### EXERCISE DIRECTIONS
From top to bottom, retype the data exactly, passing over any picture.

### DATA EXCERPT
* * *

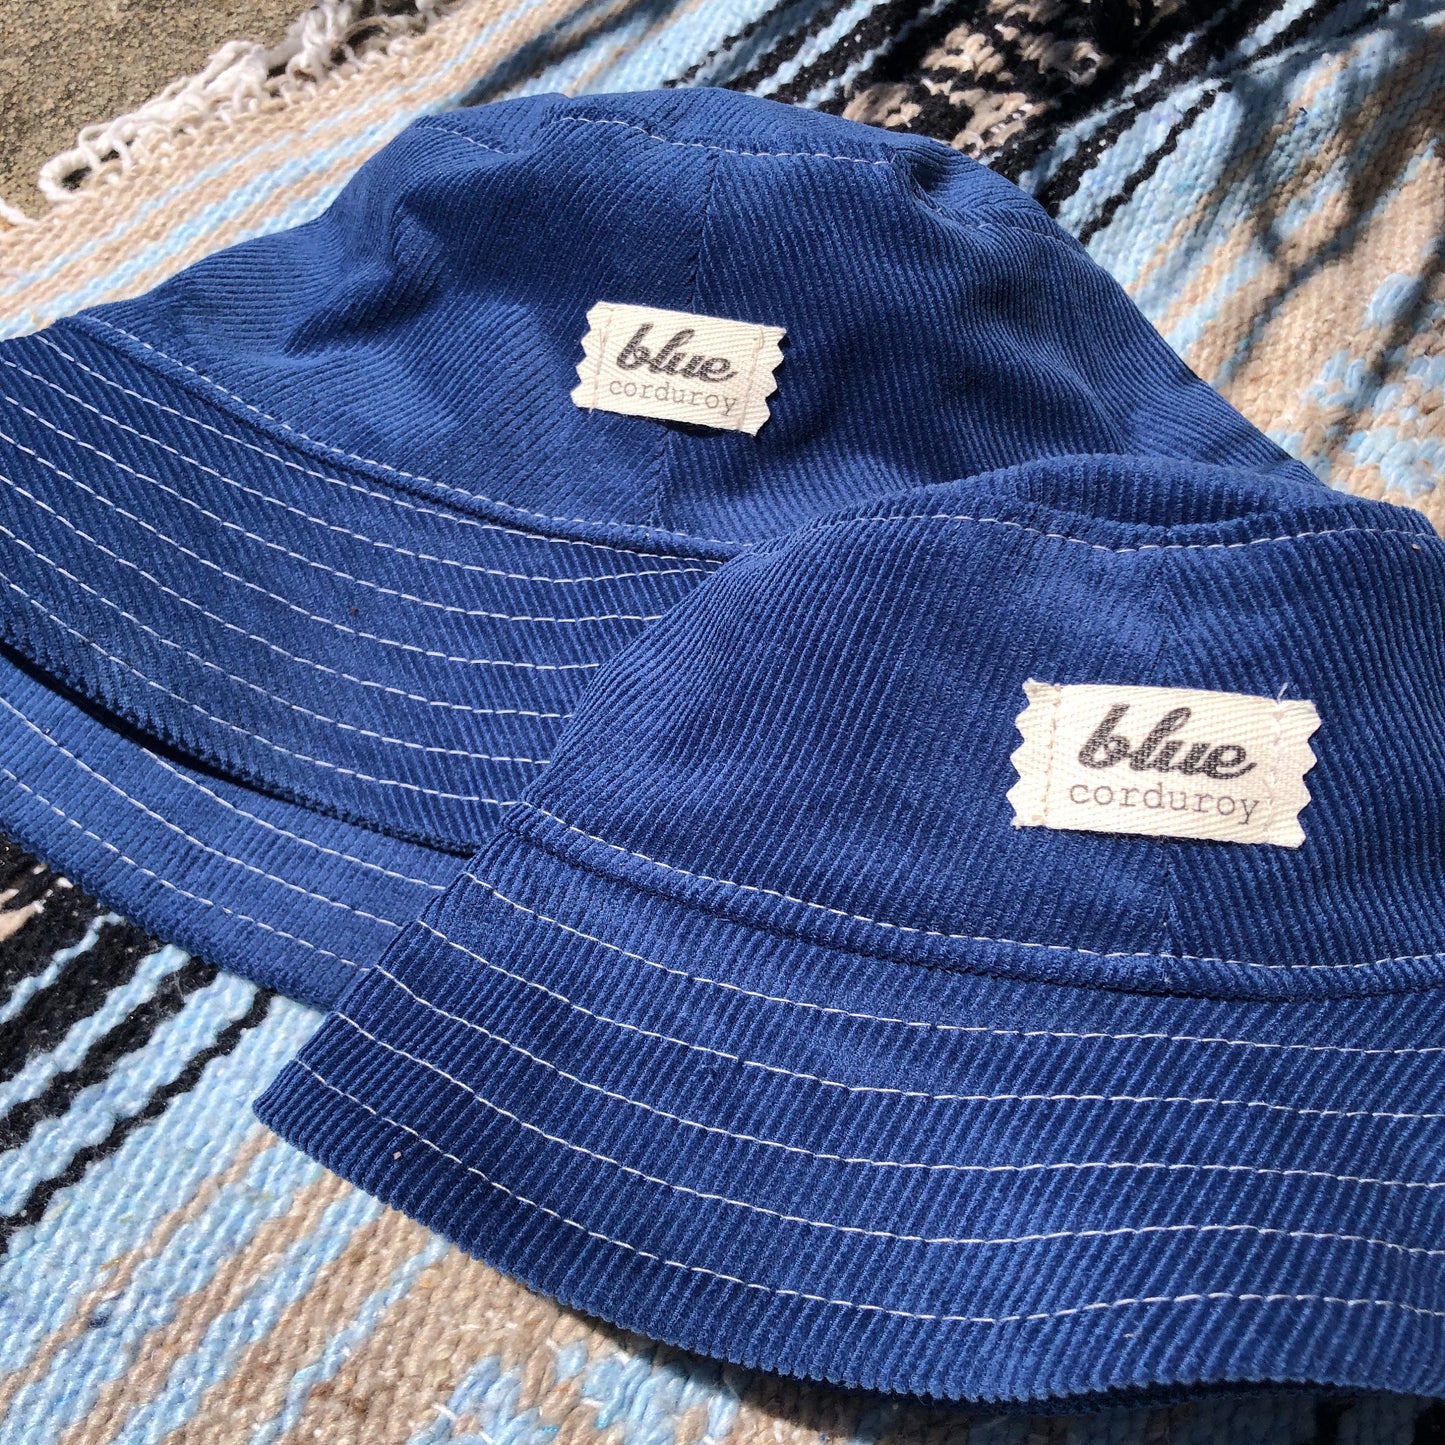 Family Bucket Hats, Mommy and Me Matching Hats, Blue Corduroy Hat, Family Beach Day Accessories, Newborn Shower Gift, Dad and Son Sun Hats
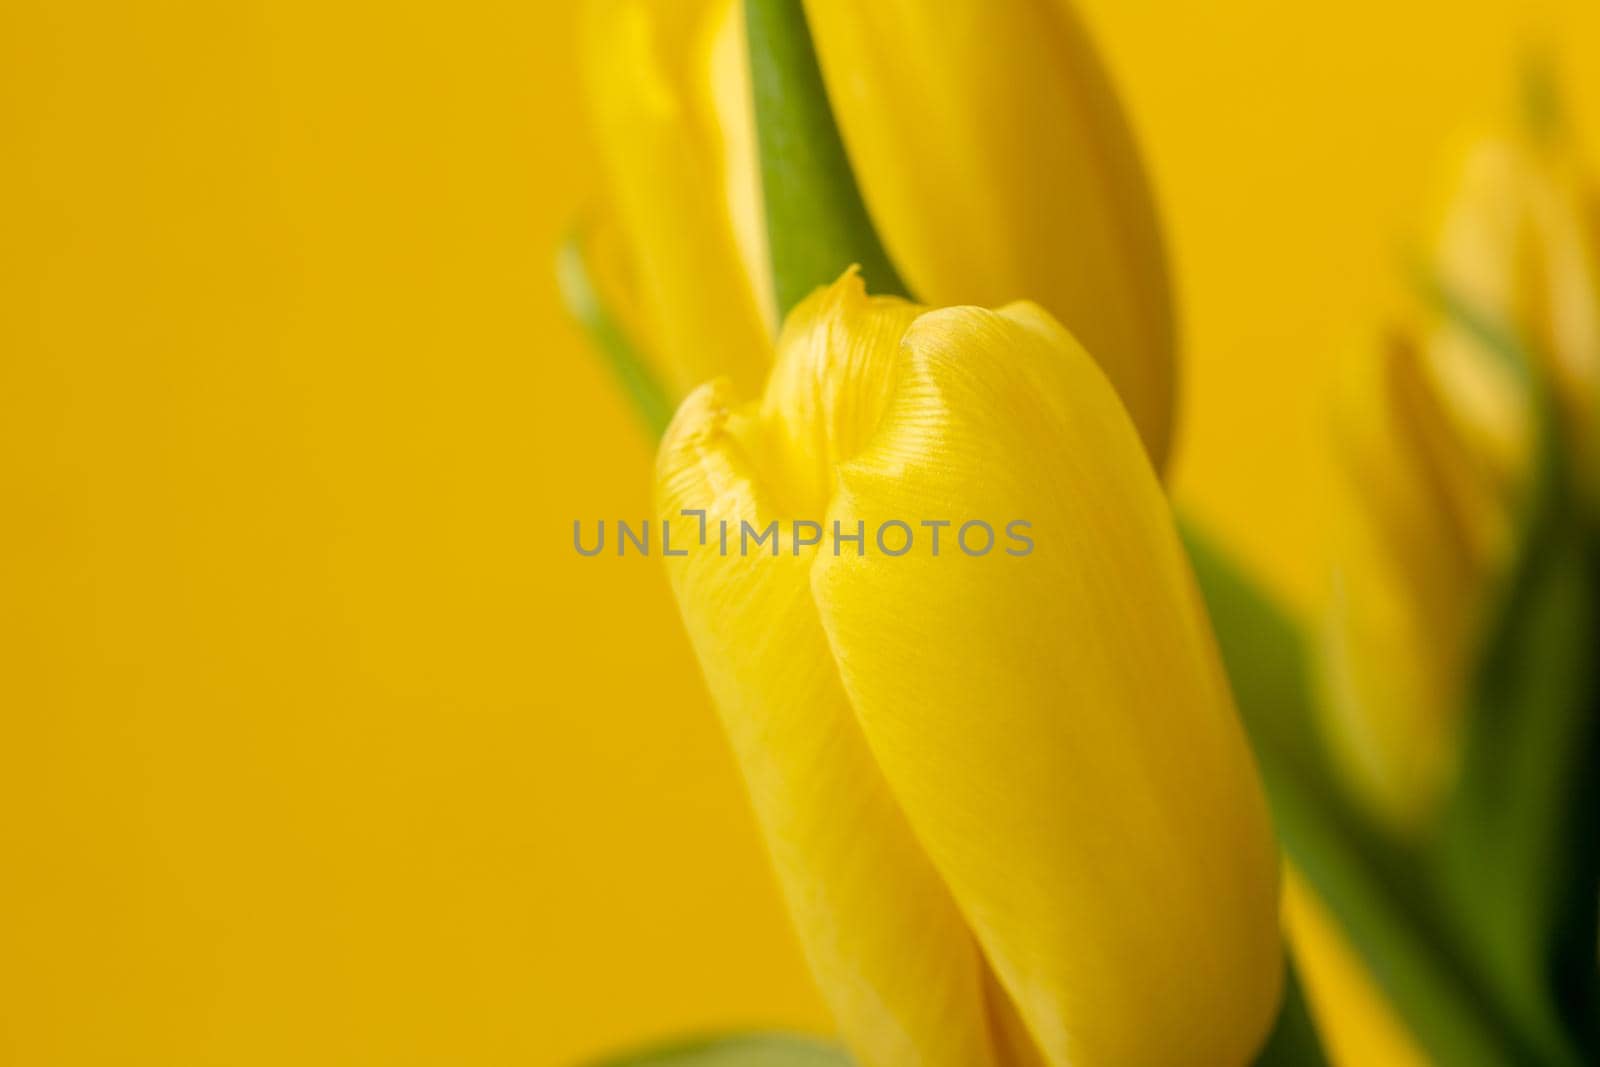 fresh yellow tulips with green leaves and stems on a yellow textured background.
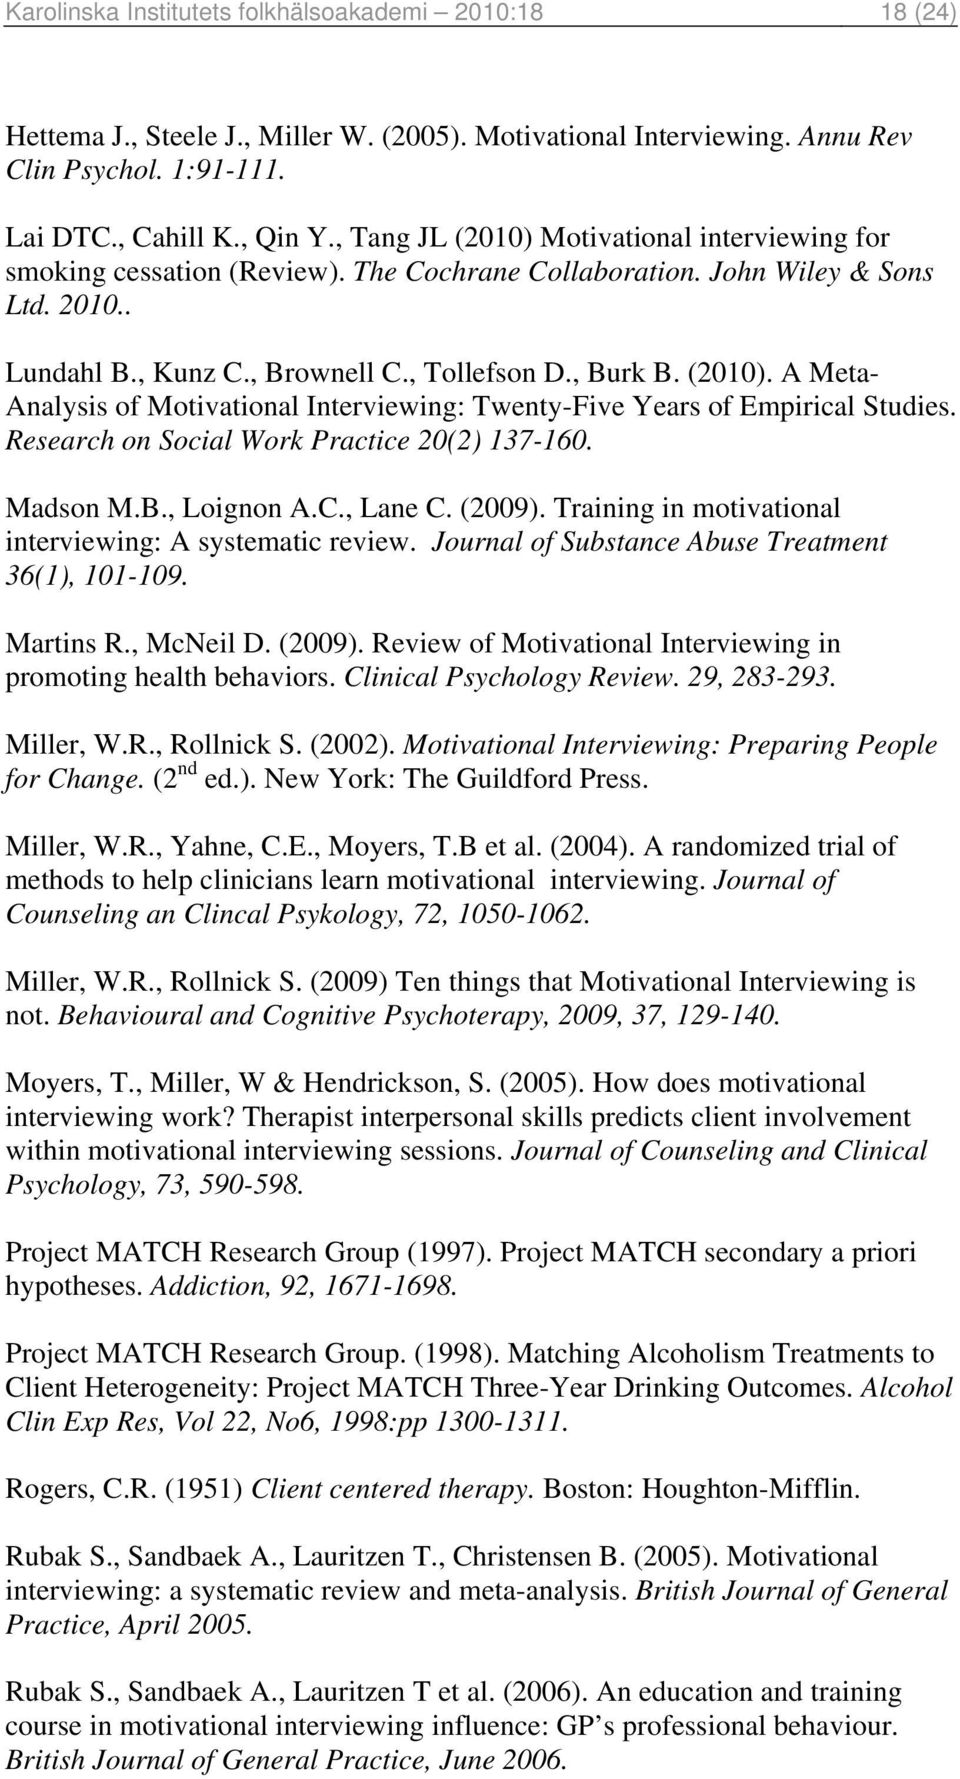 Research on Social Work Practice 20(2) 137-160. Madson M.B., Loignon A.C., Lane C. (2009). Training in motivational interviewing: A systematic review.
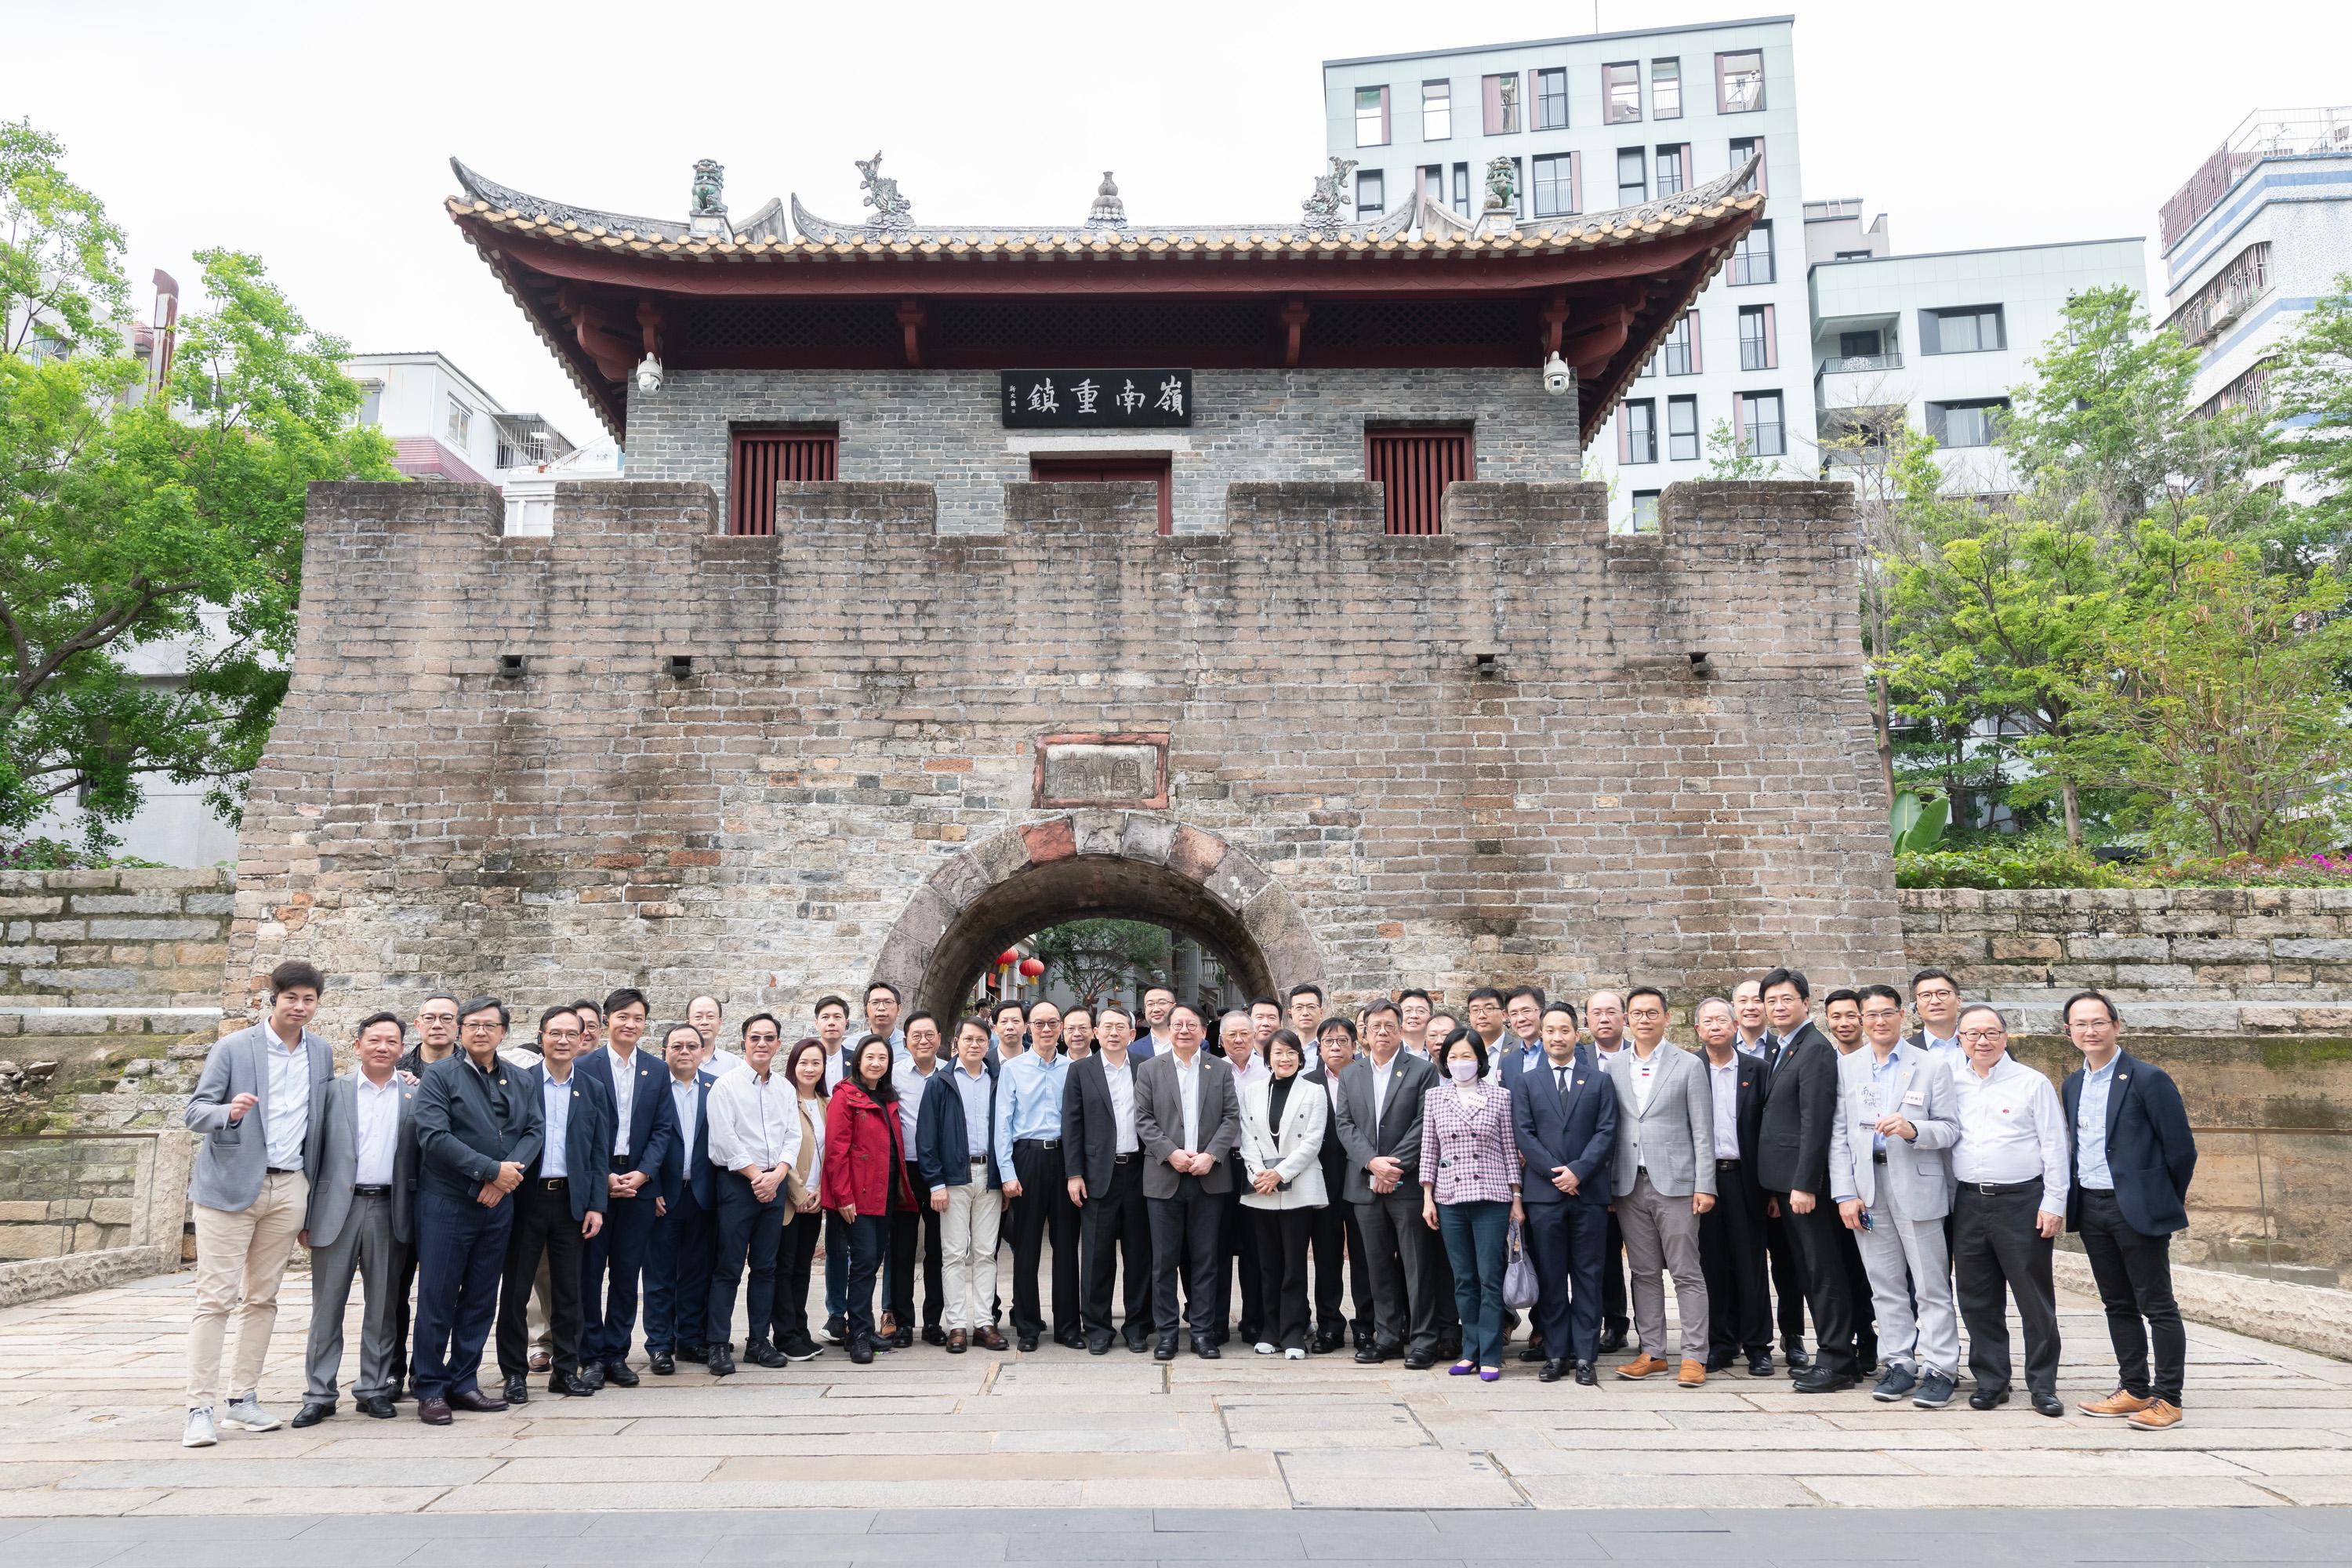 The delegation of the Hong Kong Special Administrative Region Government and the Legislative Council led by the Chief Executive, Mr John Lee, continues its duty visit in the Guangdong-Hong Kong-Macao Greater Bay Area today (April 22). The delegation visits Nantou Ancient Town.

* * *

### RESPONSE TO THE TASK
 Family Bucket Hats, Mommy and Me Matching Hats, Blue Corduroy Hat, Family Beach Day Accessories, Newborn Shower Gift, Dad and Son Sun Hats
 fresh yellow tulips with green leaves and stems on a yellow textured background.
 Research on Social Work Practice 20(2) 137-160. Madson M.B., Loignon A.C., Lane C. (2009). Training in motivational interviewing: A systematic review.
 The delegation of the Hong Kong Special Administrative Region Government and the Legislative Council led by the Chief Executive, Mr John Lee, continues its duty visit in the Guangdong-Hong Kong-Macao Greater Bay Area today (April 22). The delegation visits Nantou Ancient Town.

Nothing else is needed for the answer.